On Saturday, whilst driving south on the AP7 near the Barcelona airport exit, an unmarked car with what looked like two policemen tried to flag us down.

SWMBO followed the advice stated on this site and got the phone out, the car pulled into the hard shoulder on the sliproad to the exit with it's hazards on, as I changed lanes to stay on the AP7, no attempt was made to follow us.


----------



## bktayken (Oct 11, 2008)

Well done
Obviously getting the phone out didnt effect them ,just shows how hard faced they are as most of the junctions round Barcelona have cameras.

Motto :- never stop if they want you they will come after you with sirens and lights blarring.

Brian


----------



## rosalan (Aug 24, 2009)

Well done!
A camera is another weapon as is passing on the number plate to the police.
I am truly amazed that these thieving sc*mbags are still active in this area. The same activities were being reported 20 years ago, giant signs warning travellers not to stop in lay-bys which are well maintained seem to be no deterrent. I have yet to hear of the police having any success in quelling this activity, or am I wrong on this point. :x 
Alan


----------



## bktayken (Oct 11, 2008)

*Attempted to make us stop*

They do get them Alan see below unfortunetly there is always somebody to take there place.
Just ordered a dash cam that may put them off if its high vis. Actually getting it more for fun than anything else.

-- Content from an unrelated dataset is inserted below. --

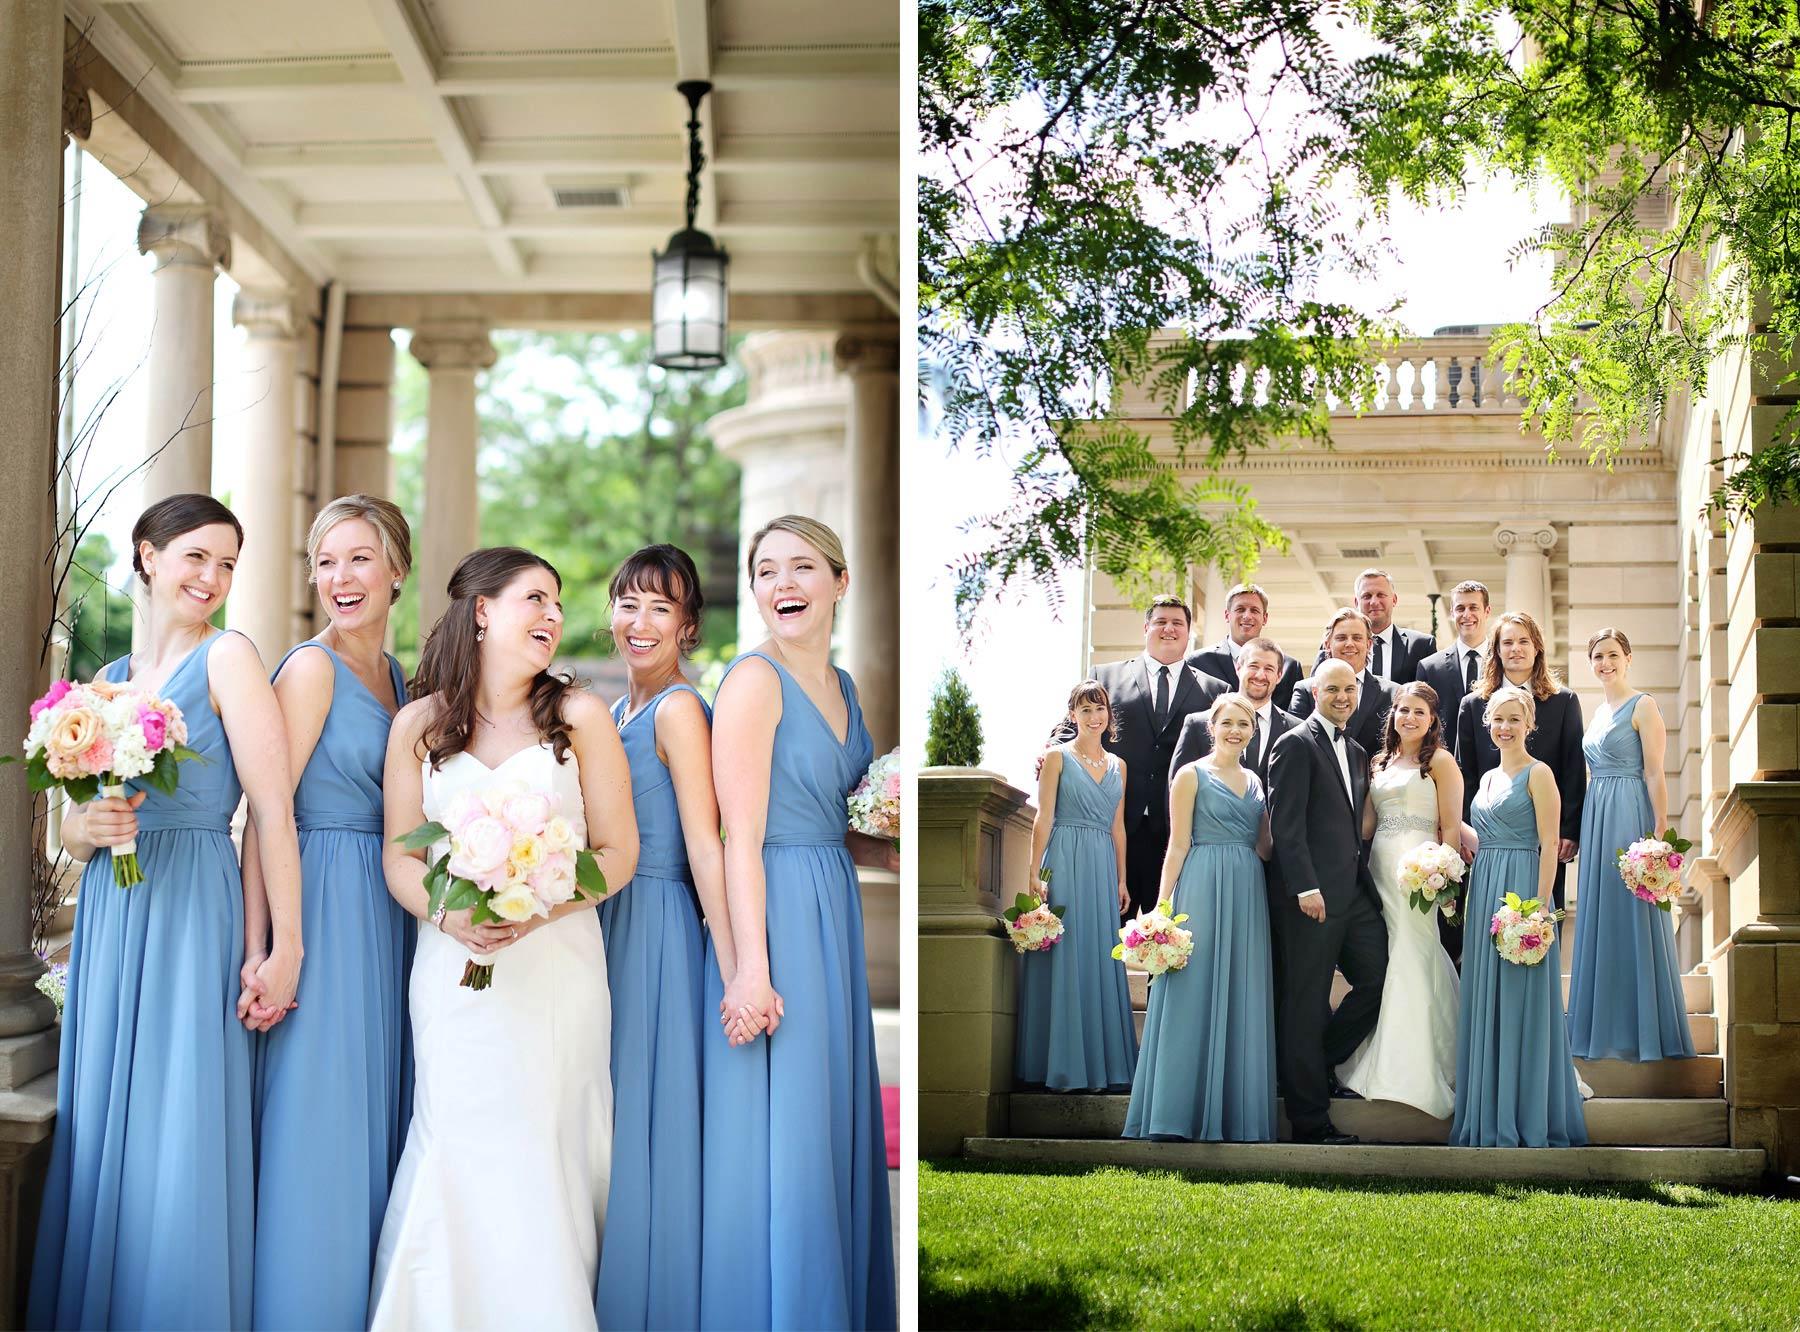 07-Minneapolis-Minnesota-Wedding-Photography-by-Vick-Photography-Semple-Mansion-Nikki-and-Matt.jpg

http://www.thereader.es/spain-news-stories/7043-Highway-gang-targeted-foreign-tourists-on-AP-7.html

Brian


----------



## thegreatpan (Oct 29, 2007)

dash cam that's what I need, by the time we got the camera out, the car was to far away for the number plate to show clearly.


----------



## ovalball (Sep 10, 2008)

*Re: Attempted to make us stop*



bktayken said:


> They do get them Alan see below unfortunetly there is always somebody to take there place.
> Just ordered a dash cam that may put them off if its high vis. Actually getting it more for fun than anything else.
> 
> http://www.thereader.es/spain-news-stories/7043-Highway-gang-targeted-foreign-tourists-on-AP-7.html
> ...


Can you give further details regarding the dash cam please?


----------



## bktayken (Oct 11, 2008)

*Barcelona ring road attempted to make us stop*

Ordered the dash cam here (see below) not arrived yet usually takes a couple of weeks to get here ...had items from China before no worries on delivery ..there are better ones out there but at this price its worth a try.

http://www.ebay.co.uk/itm/250876011966?ssPageName=STRK:MEWNX:IT&_trksid=p3984.m1439.l2649

Brian


----------



## SilverF1 (Feb 27, 2009)

Glad it worked out for you, TGPan.

You might also consider this cheapo camera from 7dayshop in Jersey:

Camera

It's a bit clunky to set up but it takes pretty good video with audio. At the price, it's not bad.


----------



## teemyob (Nov 22, 2005)

*More*

The Police in Spain should be doing more.

I think "mañana" is the operative word. Far too busy chasing Motorhomes with toads!

TM


----------